What I actually learned using Gemma 4 for ASL recognition (spoiler: D kept showing up as 1)

#devchallenge #gemmachallenge #gemma

Gemma 4 Challenge: Write about Gemma 4 Submission

This is a submission for the Gemma 4 Challenge: Write About Gemma 4

I built an ASL hand sign interpreter using Gemma 4 locally. Not because I had a perfect plan, I just wanted to see if a general-purpose vision model could recognise hand signs with just a good prompt. No fine-tuning, no special dataset.

In short, it took way more iteration than I expected.

You have to keep going back and fixing the prompt

My first prompt was simple, just "identify the ASL letter in this image." The model kept getting confused between similar-looking signs. A and S look nothing alike if you know what to look for, but Gemma 4 didn't know what to look for.

So I had to go back, look up what actually makes each letter different, and write it out explicitly. Things like:

"A vs S: In A the thumb is BESIDE the index finger. In S the thumb is folded OVER the knuckles."

Every time I noticed a pattern of wrong answers, I'd add another rule. It became this back-and-forth loop, run test, see what fails, go back to the prompt, try again. That's just the reality of working with a model on a specific task it wasn't trained for.

The D -> 1 thing

At some point I ran my auto-sorter and it created a folder called 1 inside my test dataset. Turns out Gemma 4 looked at a D sign and decided it was the number 1.

Not entirely wrong. D does have one straight finger pointing up. But it was a good reminder that the model doesn't know the context unless you tell it. I had to add "you are identifying ASL alphabet letters only, A through Z, not numbers" to stop it wandering off.

Which model size and why

I tried thinking through E2B vs E4B vs 31B Dense before picking.

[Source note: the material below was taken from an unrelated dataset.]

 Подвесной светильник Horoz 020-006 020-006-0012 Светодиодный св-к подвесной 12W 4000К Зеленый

E2B was too confident in wrong answers - it wouldn't flag uncertainty, just return the wrong letter with high confidence. Not useful.

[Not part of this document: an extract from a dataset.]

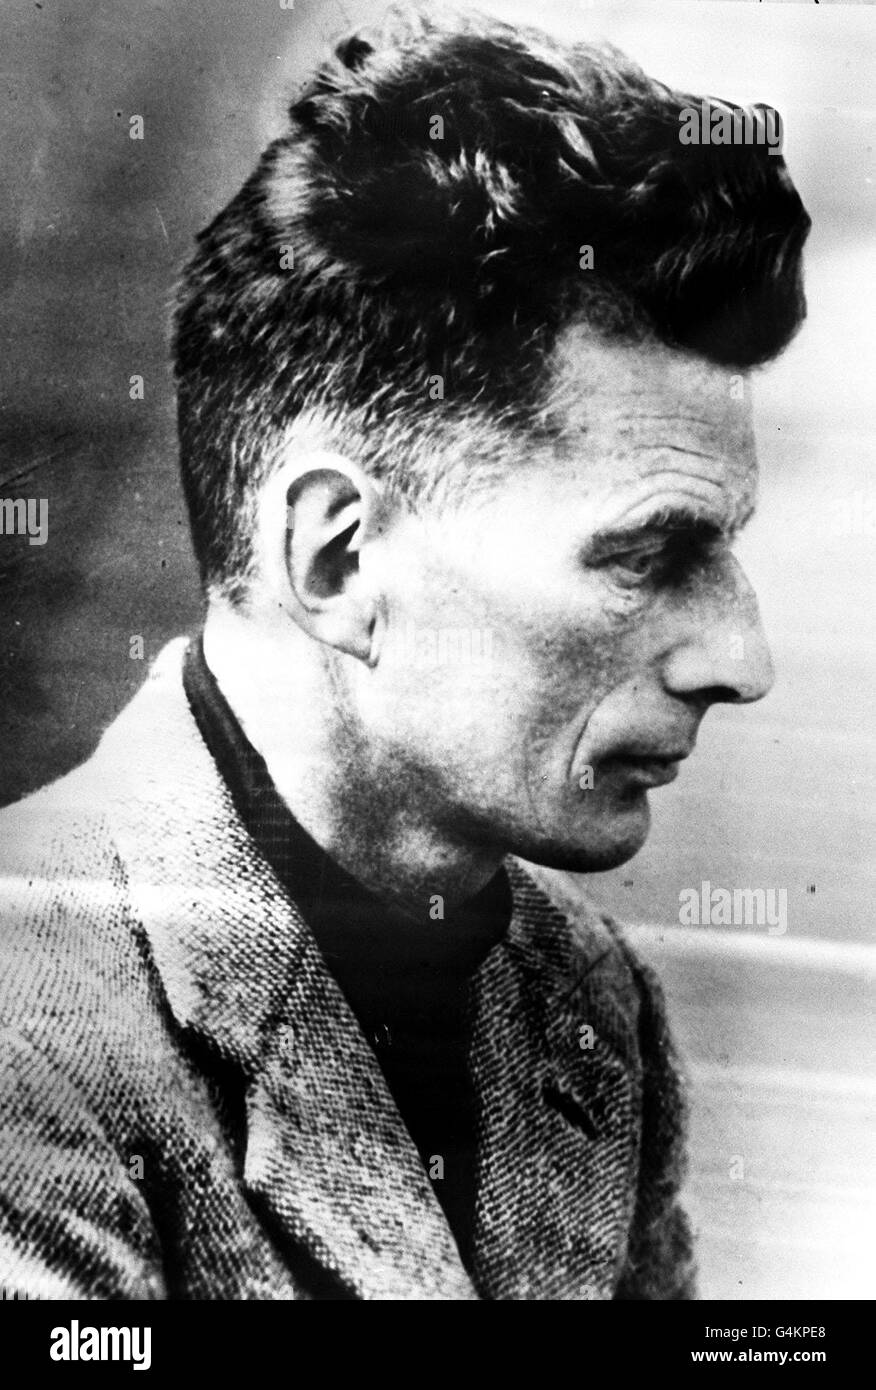 22 DICEMBRE: Fotografia non datata di Samuel Beckett, morto il 22 dicembre 1989, all'età di 83 anni. Foto Stock

31B Dense is probably better at this but it won't run on a normal laptop. Defeats the local-first point.

E4B was the right call. Small enough to run locally, but it actually understands "I'm not sure about this one" - it'll return medium or low confidence instead of just guessing. That matters more than people think.

Honest results

After all the iteration, batch tested on 66 images:

Overall: 59.1%
Letters that hit 100%: B, D, E, F, G, H, K, R, T, U, X, Y, Z
Worst: I, O, P at 0%, V at 22%
Not perfect. But this is a general model, no training, just prompting. And I know exactly which letters to focus on next time I run the loop again - .

What I took away

You don't need a specialised model for everything. Sometimes a good prompt and a few iterations gets you further than you expect. But "a few iterations" is doing a lot of work in that sentence. Tt's genuinely trial and error, and you have to be okay with that.

Also, always check what folders your auto-sorter is creating - haha.